Miss Seeton set the candle carefully in its holder and struck a match briskly along the side of the box. She set the match to the wick and observed one hundred little flames gleaming in the bright and fascinated eyes watching her every move.
Miss Seeton picked up a sheet of strong white paper from the desk and held it taut and flat above the candle. With a slow and steady hand, she lowered the paper until it was in the smoky part of the flame, left it there just long enough to become smudged, then raised it again. Again she lowered it, again raised it—and again—and again . . .

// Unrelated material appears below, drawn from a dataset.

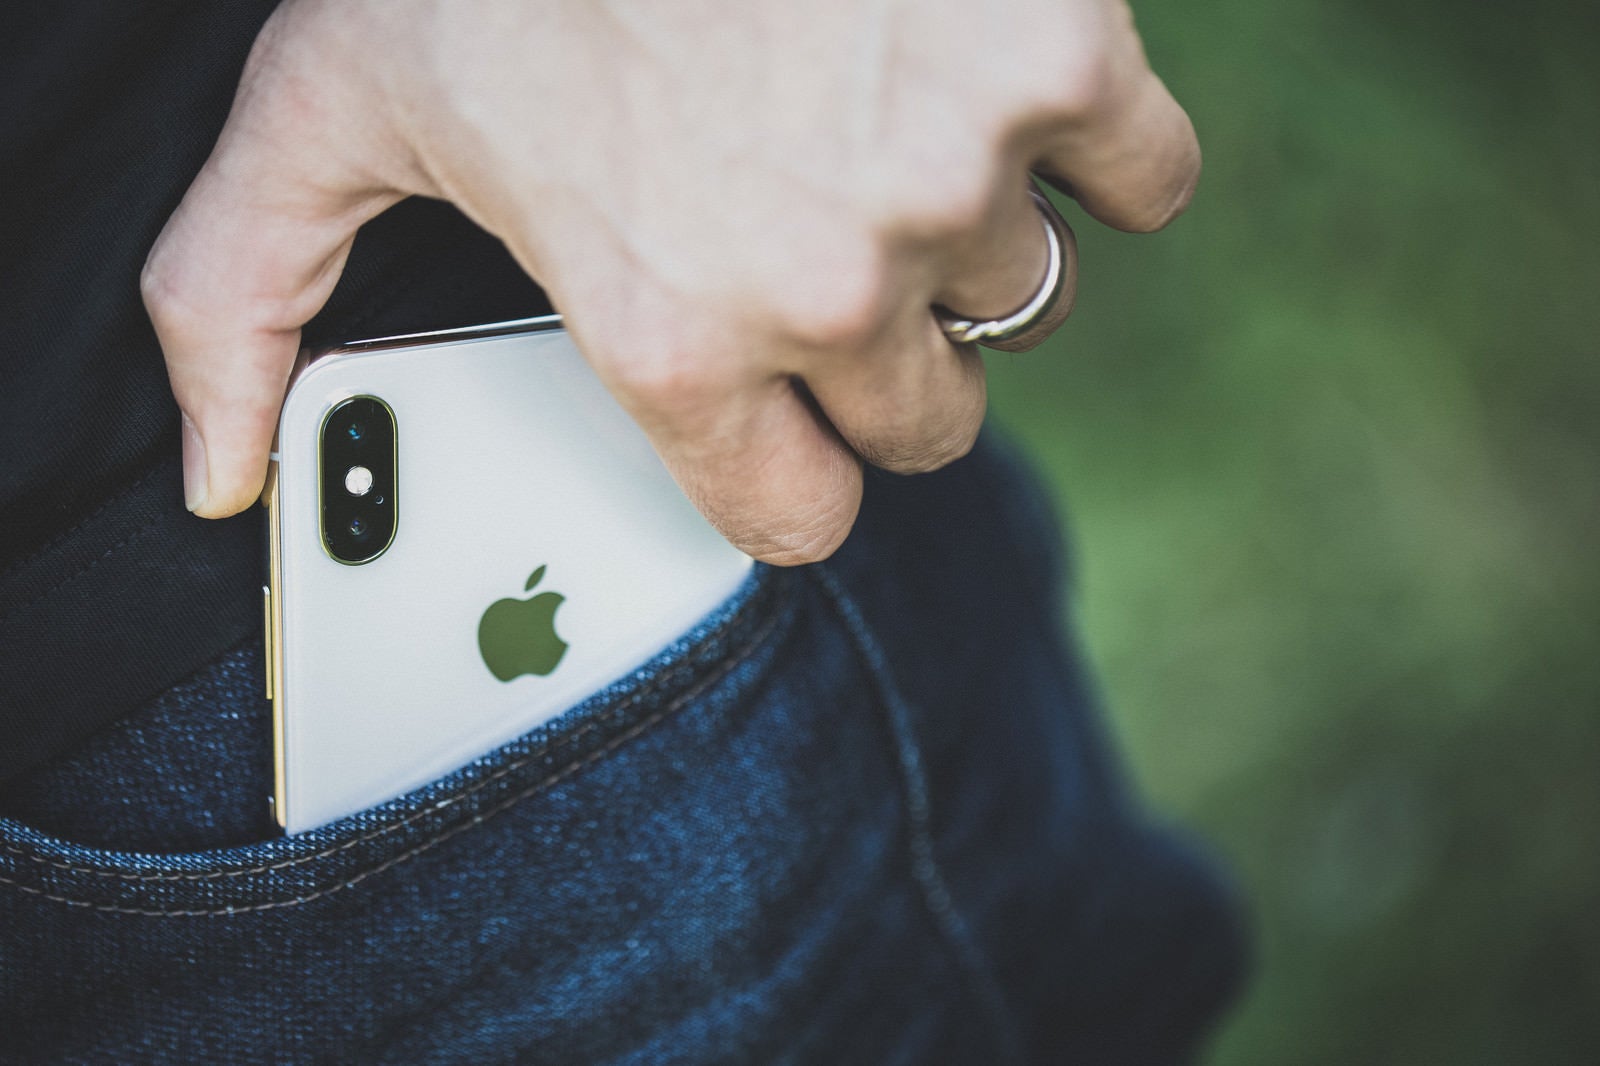 「ポケットから iPhone X を取り出す男性の手」の写真

“Remember, children, that on no account are you to try this by yourselves,” Miss Seeton warned as she gradually formed a random pattern of soft smoky ovals on the underside of the paper. “For your lesson,” she explained, “I have already prepared some starting sheets for you, but before I hand them out, I will show you how we stop the charcoal from smudging away—watch me carefully, now.”
She blew out the candle, moved it to one side, and rose from her seat. “There is no need to follow me, children, if you turn carefully to watch what I do next,” she said, and, picking up the sheet of delicate grey-on-white patterns, moved to the rear of the platform, where she had already set a small easel. She pinned the sheet to the easel, picked up the small aerosol can which stood on a nearby shelf, and sprayed the sheet with a fine, colourless varnish.
“Fixative,” explained Miss Seeton. “So that the pattern will not become rubbed off the paper. Now we must wait for it to dry—that is, normally we must wait. But, as I told you, there is no need for you to wait at all before you all may begin to draw what you see in the patterns.”
“Miss,” enquired one hardy youngster, who’d been dared to do it by his friends and stood to corner the playground market in gobstoppers if he accepted the dare, “what are we going to see in the patterns?”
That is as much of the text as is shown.